Marcus Hale’s Take: This Is a Collateral-Accounting Event Disguised as a Bridge Hack
I’m treating this as two linked incidents with one shared fulcrum: what rsETH is worth inside Aave after the dust settles. The bridge exploit is the ignition. The Aave V3 position is the accelerant. The loss number that matters is not the $292 million headline. It is the impairment that gets recognized against collateral while the WETH and wstETH borrow remains outstanding.
Aave’s own work makes the point. It did not publish a single “expected loss.” It published a range with two discrete accounting regimes. In the uniform-loss case, Aave models a 15.12% depeg and ~$123.7 million of bad debt, with the $54 million WETH Umbrella described as an initial backstop. In the L2-isolated case, it models a 73.54% haircut on L2 collateral and ~$230.1 million of bad debt, and the umbrella is not triggered. Same attacker position, radically different backstop mechanics.
That’s why the Kelp decision tree is now Aave’s risk surface. Aave explicitly said the scenario depends on decisions outside its control, “primarily how rsETH accounting and the LRTOracle exchange rate are updated,” and it noted Kelp had not announced a loss allocation or recovery plan. Until that is resolved, traders are pricing governance and oracle pathways, not just liquidation math.
I see three scenarios worth keeping separate, with clear confirmation points.

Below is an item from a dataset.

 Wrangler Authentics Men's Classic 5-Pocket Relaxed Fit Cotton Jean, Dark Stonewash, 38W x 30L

Scenario A is the “uniform socialization” path Aave modeled. Confirmation would be an official loss allocation that dilutes rsETH across chains in a way consistent with the 15.12% depeg assumption, plus LRTOracle exchange-rate updates that reflect that impairment. In that world, the umbrella being an initial backstop becomes relevant, and the question shifts to how quickly the system can absorb and distribute the shortfall across markets like Ethereum Core and Mantle.
Scenario B is the “L2-isolated haircut” path. Confirmation would be accounting that keeps Ethereum mainnet rsETH fully backed while imposing a large haircut on L2 rsETH, consistent with Aave’s 73.54% figure. In that world, Aave’s own report says the umbrella is not triggered, and the stress concentrates in L2 markets named in the model: Mantle, Arbitrum, and Base. The second-order effect is that risk management becomes chain-specific, not asset-wide.

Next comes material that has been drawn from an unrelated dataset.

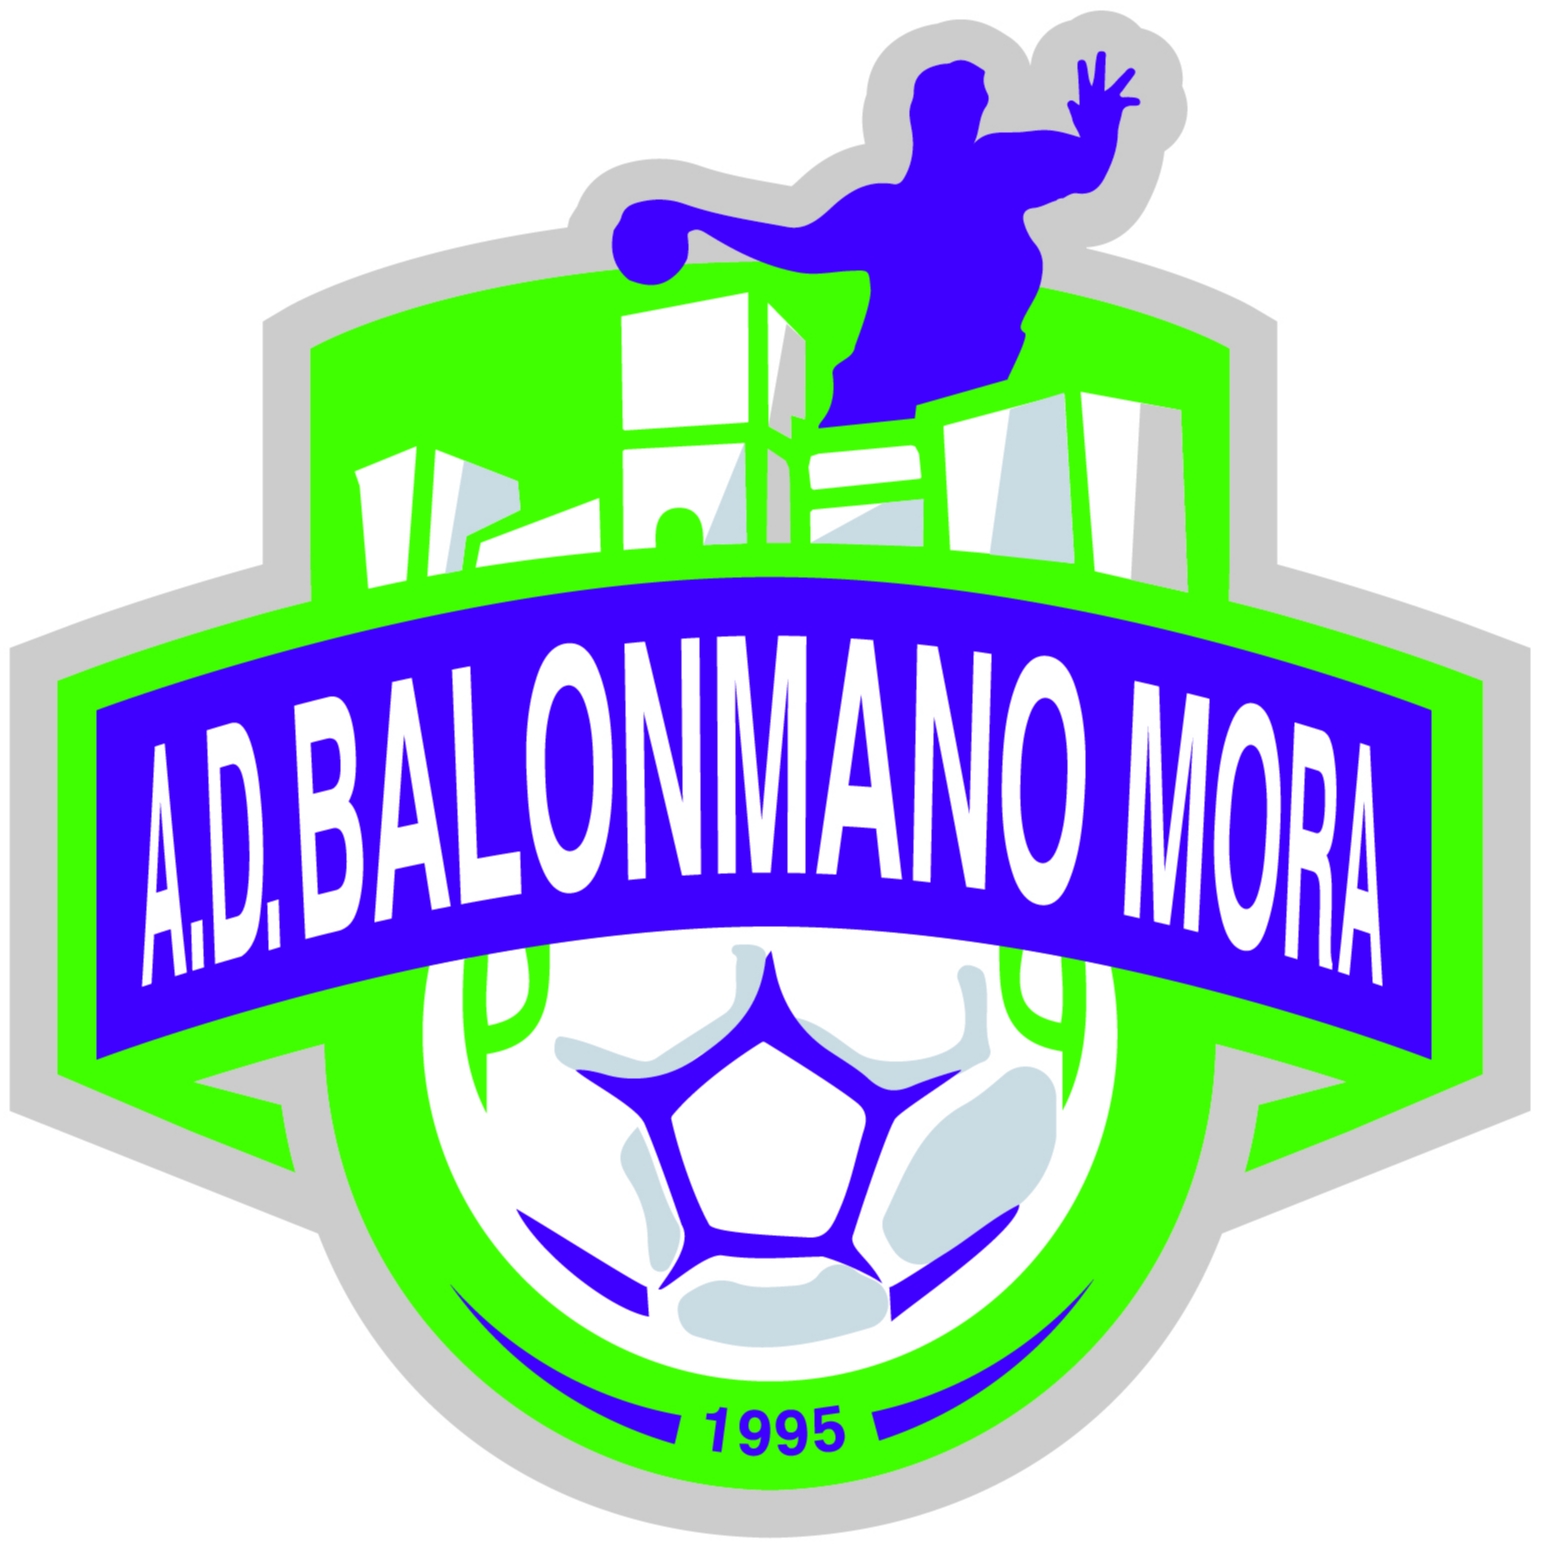 A.D Balonmano Mora Morado

Scenario C is the messy middle where loss allocation is delayed or contested, and the attacker’s Aave positions remain at very low health factors while the market tries to infer the oracle path. Confirmation would be continued absence of an official Kelp plan alongside observable on-chain changes in the attacker’s position, including health factor movement, partial liquidations, collateral withdrawals, or additional borrows. That’s the regime where uncertainty itself becomes the driver of liquidity conditions.
My core thesis is simple: Aave’s downside is not a single number yet because the binding constraint is rsETH accounting and oracle recognition, and the thesis is confirmed when Kelp publishes a loss allocation and the LRTOracle exchange rate updates in a way that pins Aave’s outcome to either the 15.12% depeg model or the 73.54% L2 haircut model.